Since this line is also a tangent to the hyperbola $xy = -1$,we substitute $x = \frac{-1}{y}$ into the tangent equation:
$y = m(\frac{-1}{y}) + \frac{2}{m}$
$y^2 = -m + \frac{2y}{m}$
$my^2 - 2y + m^2 = 0$.
For the line to be a tangent,the discriminant of this quadratic equation must be zero:
$D = (-2)^2 - 4(m)(m^2) = 0$
$4 - 4m^3 = 0$
$m^3 = 1 \implies m = 1$.
Substituting $m = 1$ into the tangent equation $y = mx + \frac{2}{m}$,we get:
$y = (1)x + \frac{2}{1}$
$y = x + 2$.

(C) Let $L = \mathop {\lim }\limits_{x \to 0} \frac{(\cos x - 1)(\cos x - e^x)}{x^n}$.
Using Taylor series expansions near $x = 0$:
$\cos x = 1 - \frac{x^2}{2!} + \frac{x^4}{4!} - \dots$
$e^x = 1 + x + \frac{x^2}{2!} + \dots$
Substituting these into the expression:
$\cos x - 1 = -\frac{x^2}{2} + O(x^4)$
$\cos x - e^x = (1 - \frac{x^2}{2} + \dots) - (1 + x + \frac{x^2}{2} + \dots) = -x - x^2 + O(x^3)$
Thus,the numerator is $(- \frac{x^2}{2} + O(x^4))(-x - x^2 + O(x^3)) = \frac{x^3}{2} + O(x^4)$.
For the limit to be a finite non-zero number,the power of $x$ in the denominator must match the lowest power of $x$ in the numerator.
Therefore,$n = 3$.

(D) Let the probabilities of hitting the plane in the four shots be $p_1 = 0.4$,$p_2 = 0.3$,$p_3 = 0.2$,and $p_4 = 0.1$.
The probability that the gun hits the plane is equal to $1$ minus the probability that the gun misses the plane in all four shots.
Let $q_i = 1 - p_i$ be the probability of missing the shot $i$.
$q_1 = 1 - 0.4 = 0.6$
$q_2 = 1 - 0.3 = 0.7$
$q_3 = 1 - 0.2 = 0.8$
$q_4 = 1 - 0.1 = 0.9$
The probability of missing all four shots is $P(\text{miss}) = q_1 \times q_2 \times q_3 \times q_4 = 0.6 \times 0.7 \times 0.8 \times 0.9 = 0.3024$.
Therefore,the probability that the gun hits the plane is $P(\text{hit}) = 1 - P(\text{miss}) = 1 - 0.3024 = 0.6976$.
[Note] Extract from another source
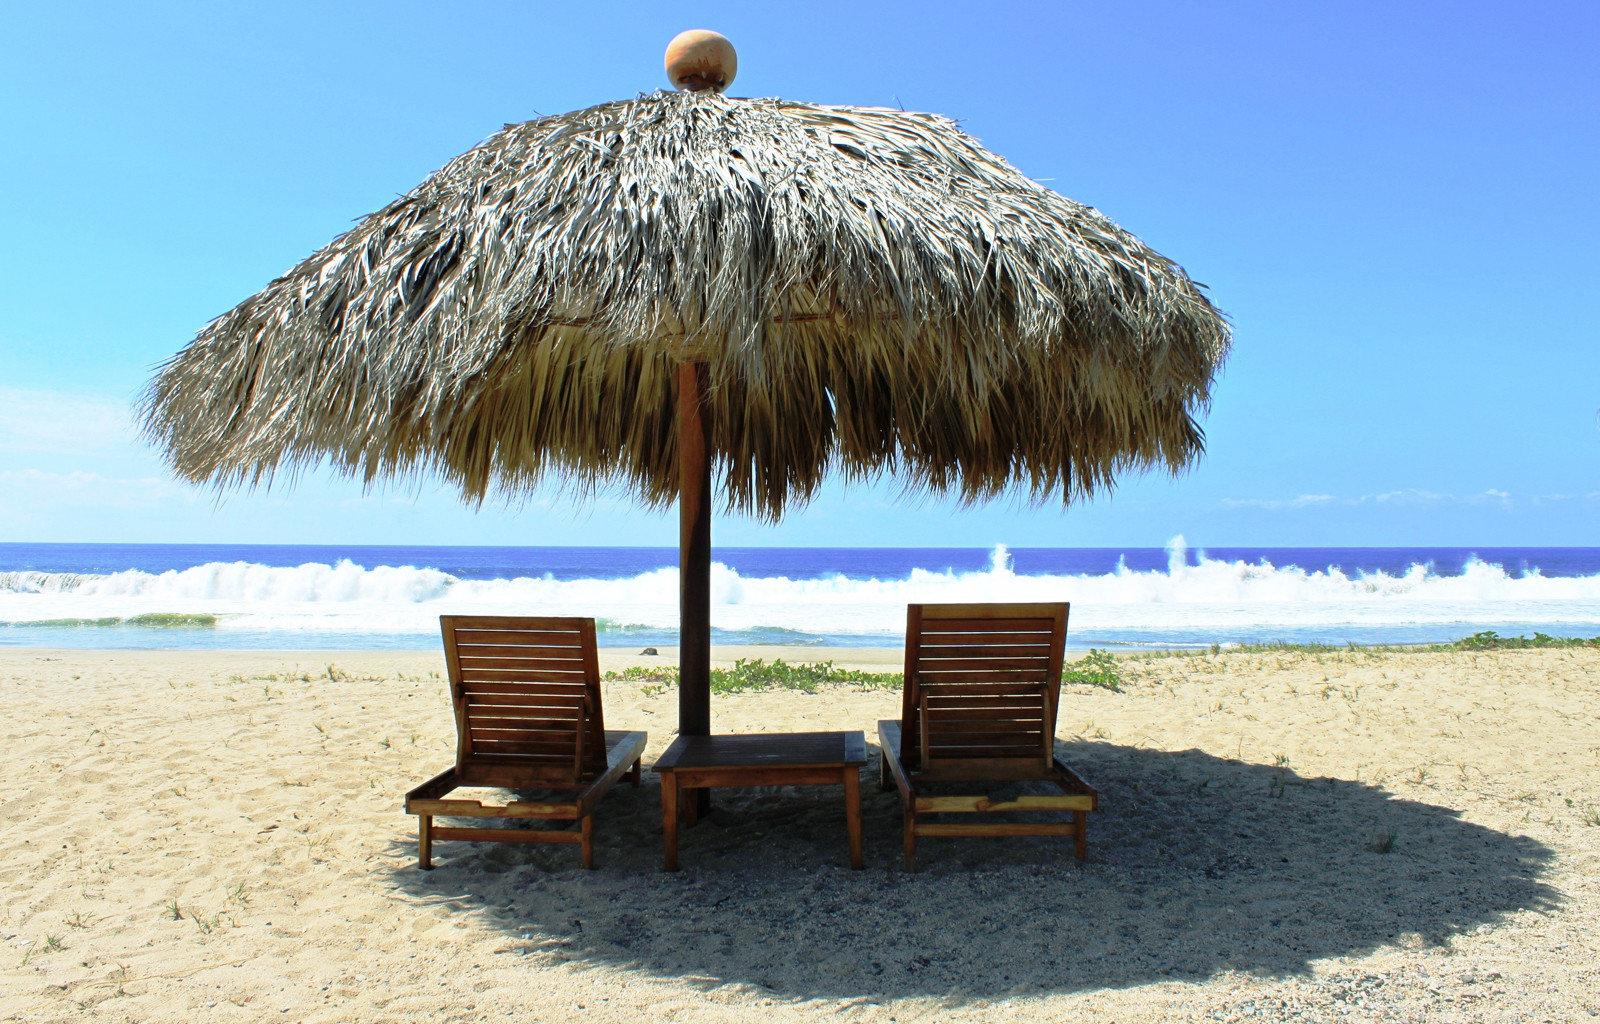 Beach Beachfront Honeymoon Romance Romantic Scenic views sky umbrella chair Sea tree shore Ocean sand arecales hut Coast lawn Resort sandy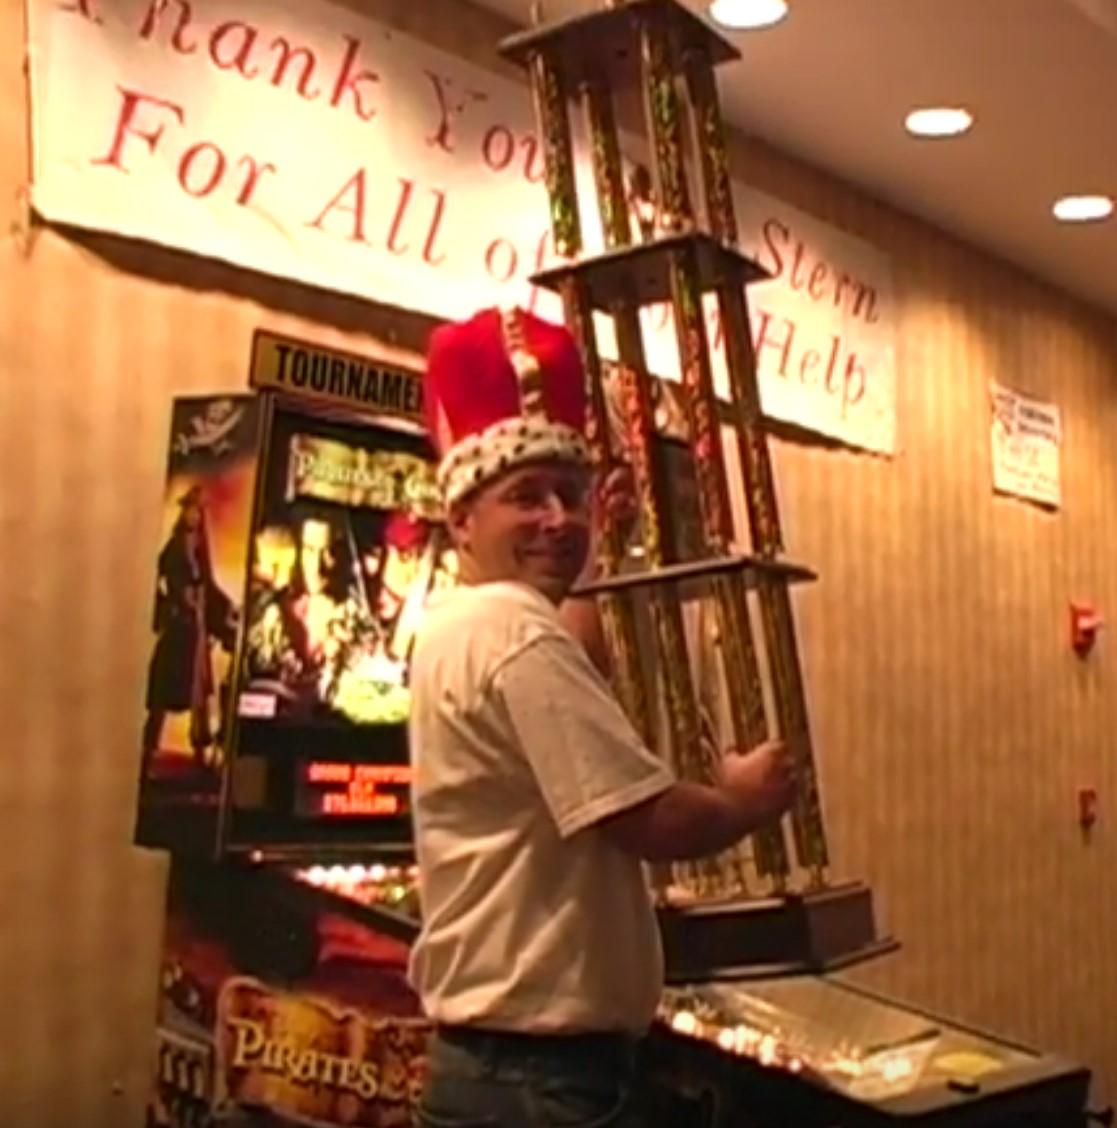 JPW Pinball Champ [Trailer Tom video]

(C) The line $QP$ lies along the negative $x$-axis,so its angle with the positive $x$-axis is $\pi$. The line $QR$ passes through $(0, 0)$ and $(3, 3\sqrt{3})$,so its slope is $m = \frac{3\sqrt{3} - 0}{3 - 0} = \sqrt{3}$. The angle $\theta$ that $QR$ makes with the positive $x$-axis is $\tan \theta = \sqrt{3}$,which means $\theta = \frac{\pi}{3}$.
The angle $\angle PQR$ is the angle between the line $QP$ (angle $\pi$) and the line $QR$ (angle $\frac{\pi}{3}$).
The measure of $\angle PQR = \pi - \frac{\pi}{3} = \frac{2\pi}{3}$.
The bisector of $\angle PQR$ will make an angle $\alpha$ with the positive $x$-axis,where $\alpha = \frac{\pi + \frac{\pi}{3}}{2} = \frac{4\pi/3}{2} = \frac{2\pi}{3}$.
The slope of the bisector is $\tan(\frac{2\pi}{3}) = -\sqrt{3}$.
Since the bisector passes through the origin $Q(0, 0)$,its equation is $y - 0 = -\sqrt{3}(x - 0)$,which simplifies to $y = -\sqrt{3}x$,or $\sqrt{3}x + y = 0$.

(D) In $\Delta ABC$,the Sine Rule states $\frac{a}{\sin A} = \frac{b}{\sin B} = \frac{c}{\sin C} = 2R$.
For option $(a)$: Given $a, \sin A, \sin B$. From $\frac{a}{\sin A} = 2R$,we find $R$. Then $b = 2R \sin B$ and $c = 2R \sin C = 2R \sin(180^{\circ} - (A+B)) = 2R \sin(A+B)$. Thus,the triangle is uniquely determined.
For option $(b)$: Given $a, b, c$. By the $SSS$ congruence criterion,the triangle is uniquely determined.
For option $(c)$: Given $a, \sin B, R$. We have $b = 2R \sin B$. Now we have two sides $a, b$ and the circum-radius $R$. Since $\sin A = \frac{a}{2R}$,angle $A$ is determined. Thus,the triangle is uniquely determined.
For option $(d)$: Given $a, \sin A, R$. We have $\frac{a}{\sin A} = 2R$. This is an identity that holds for any triangle with side $a$ and angle $A$ having circum-radius $R$. It does not provide enough information to fix the other sides or angles. Therefore,the triangle is not uniquely determined.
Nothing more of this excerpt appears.